> _DATA SEGMENT_:
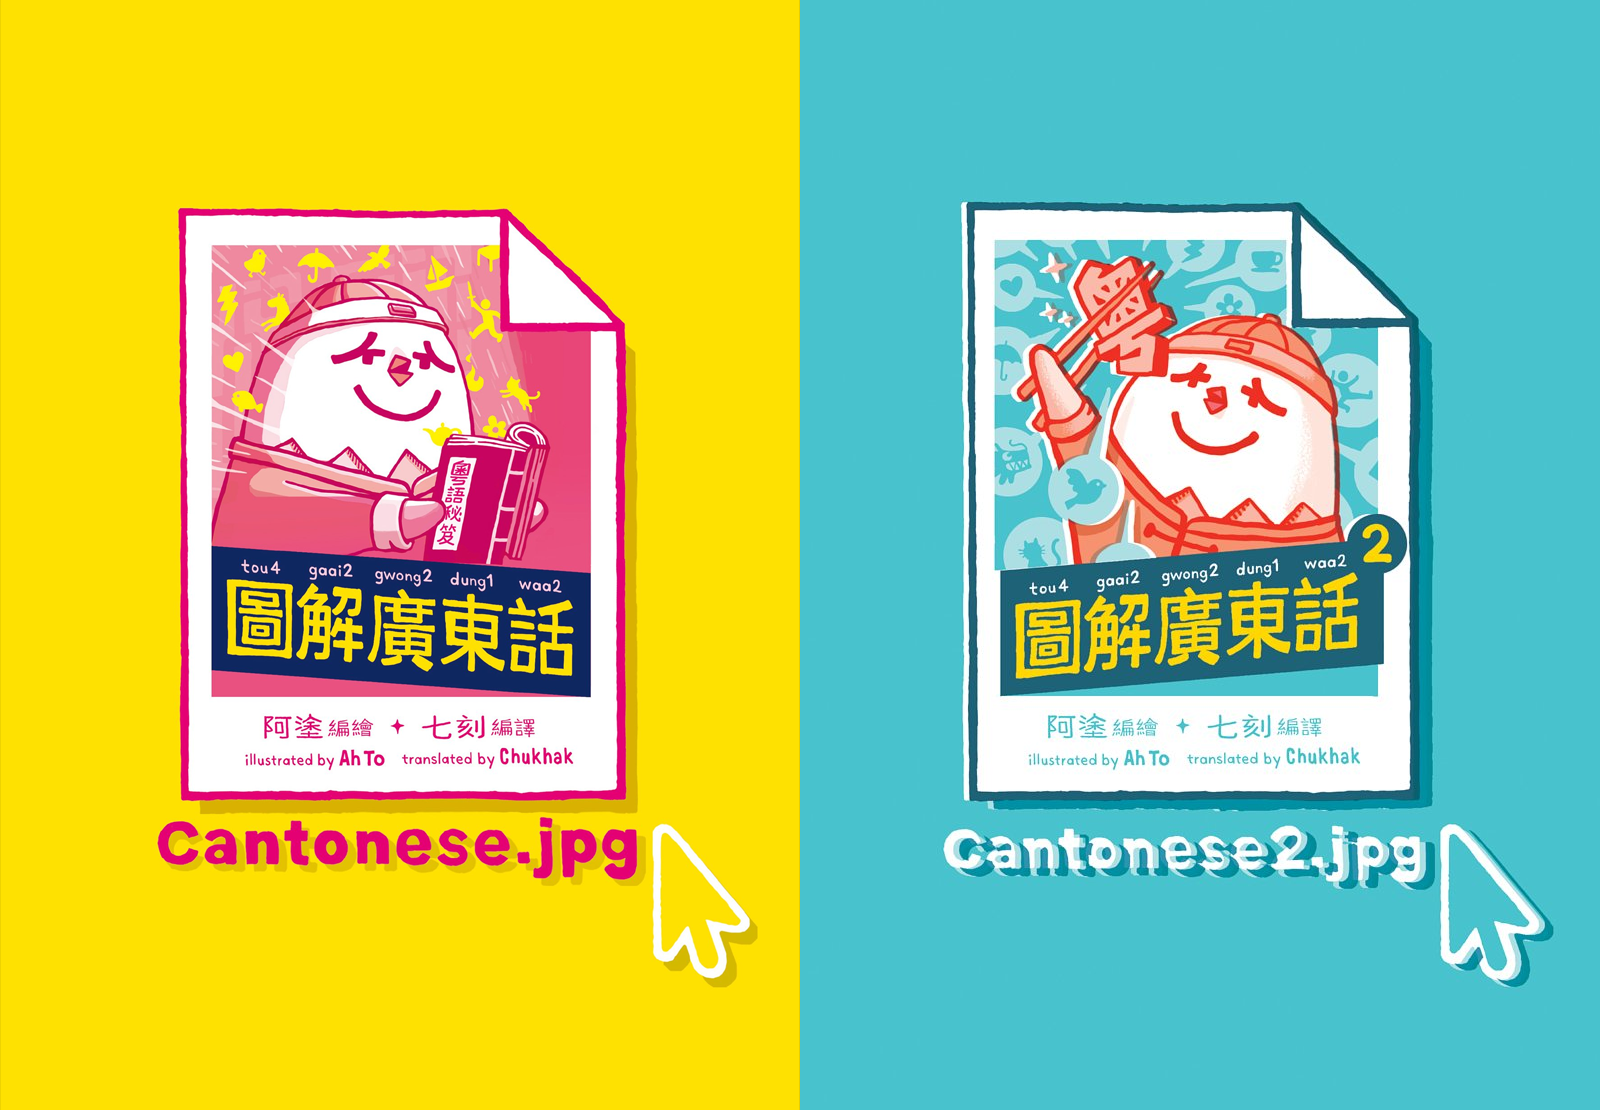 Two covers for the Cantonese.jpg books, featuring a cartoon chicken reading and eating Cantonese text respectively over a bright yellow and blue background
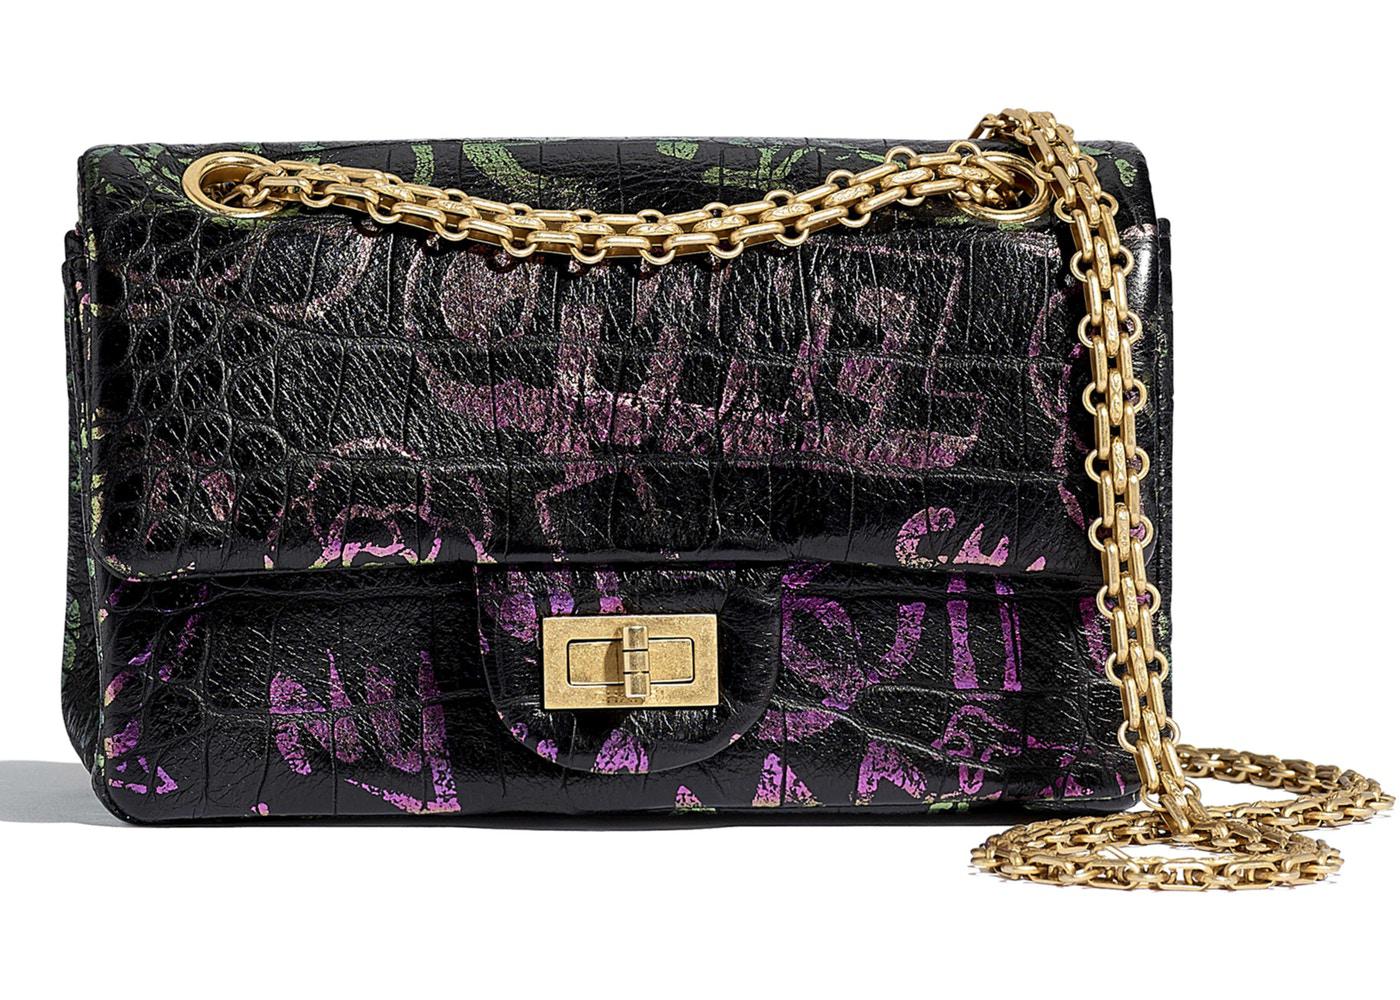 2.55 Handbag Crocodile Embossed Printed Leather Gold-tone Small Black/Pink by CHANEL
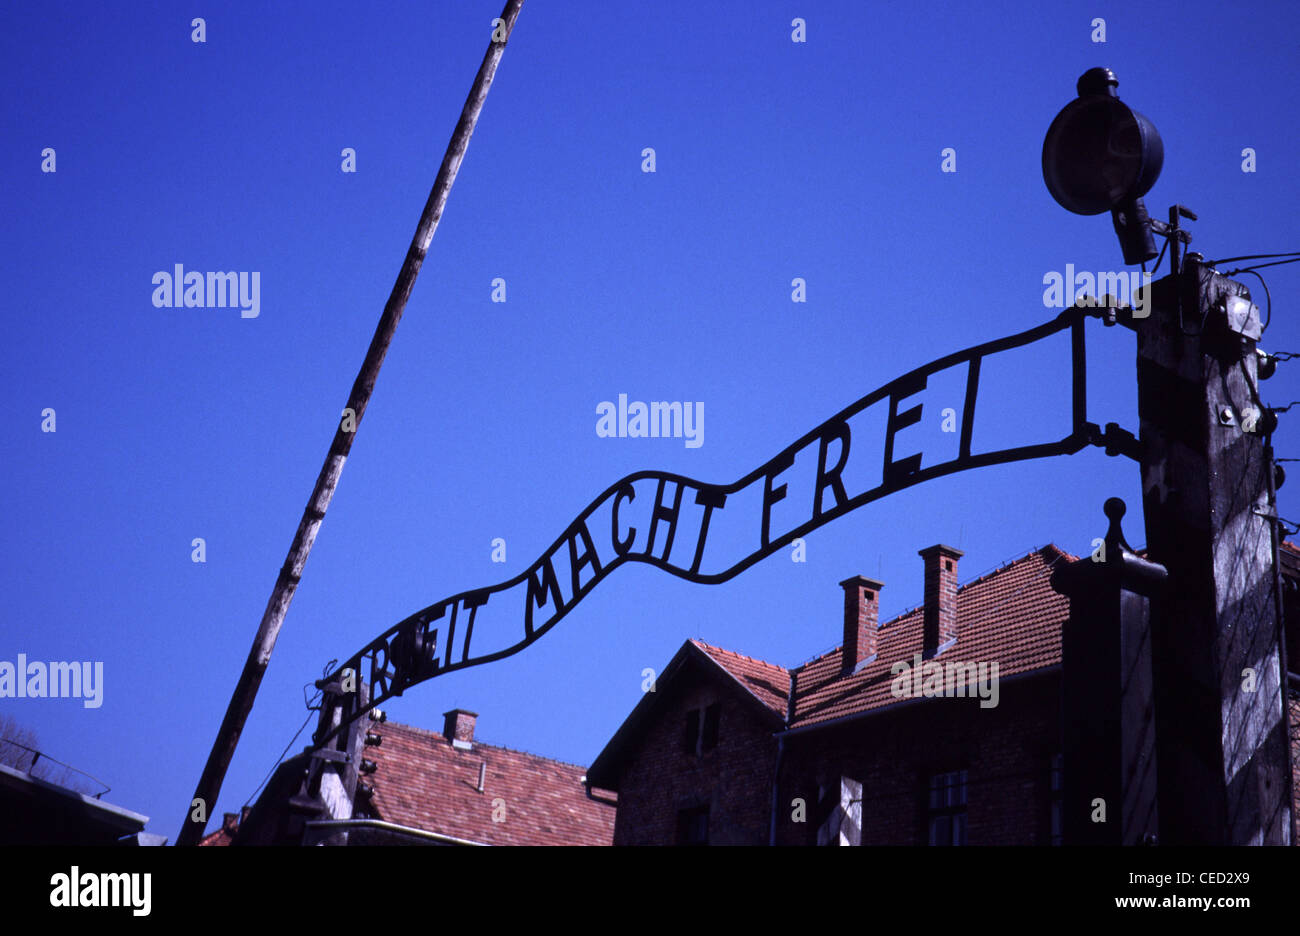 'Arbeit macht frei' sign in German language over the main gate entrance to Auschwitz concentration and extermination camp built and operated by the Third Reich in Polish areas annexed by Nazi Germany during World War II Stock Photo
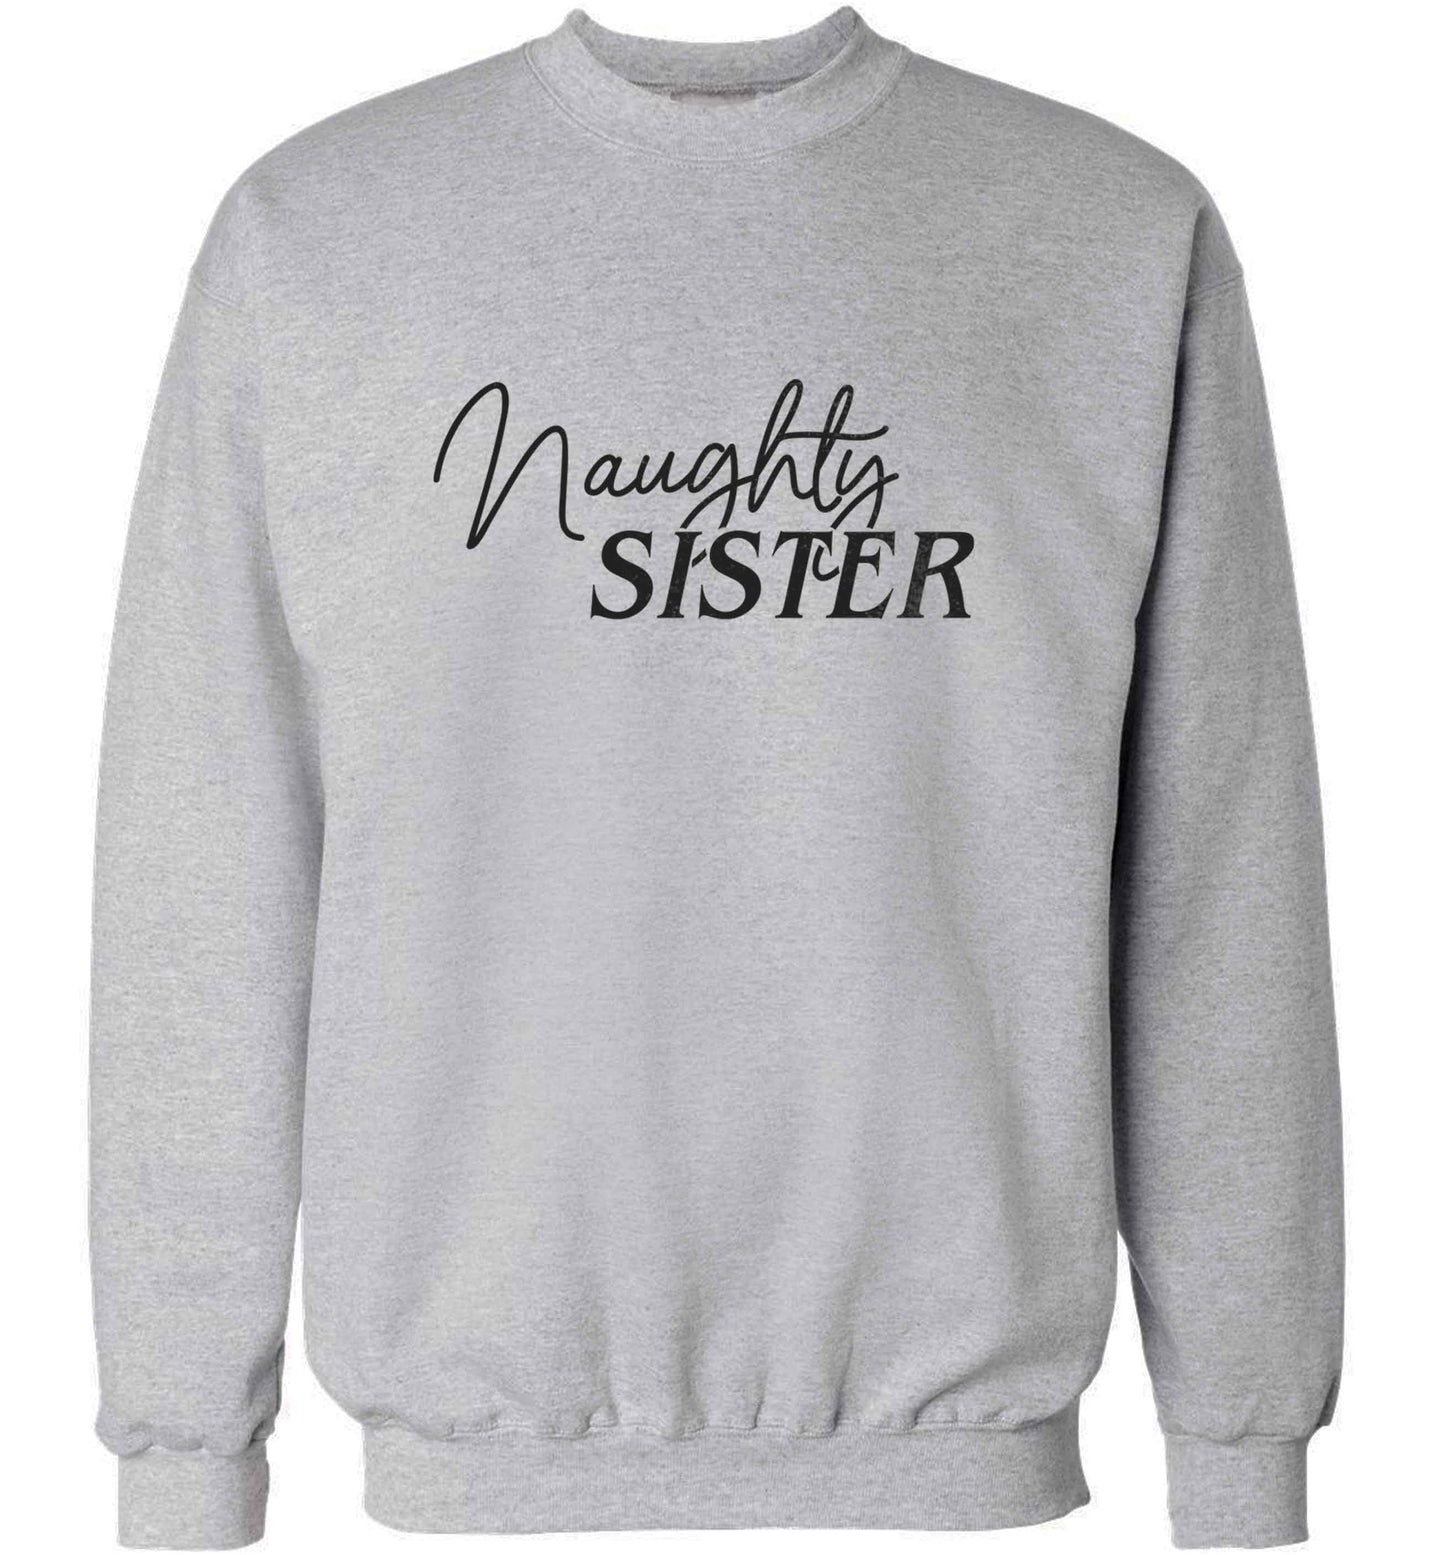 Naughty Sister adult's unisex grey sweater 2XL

> _ASSIGNMENT_: For this exercise, retype exactly, and only, the lines from the line with "II Stock Photo" through the last line of the material above, both included. Pictures stay out.

> _RESPONSE TO THIS TASK_:
 'Arbeit macht frei' sign in German language over the main gate entrance to Auschwitz concentration and extermination camp built and operated by the Third Reich in Polish areas annexed by Nazi Germany during World War II Stock Photo
 Naughty Sister adult's unisex grey sweater 2XL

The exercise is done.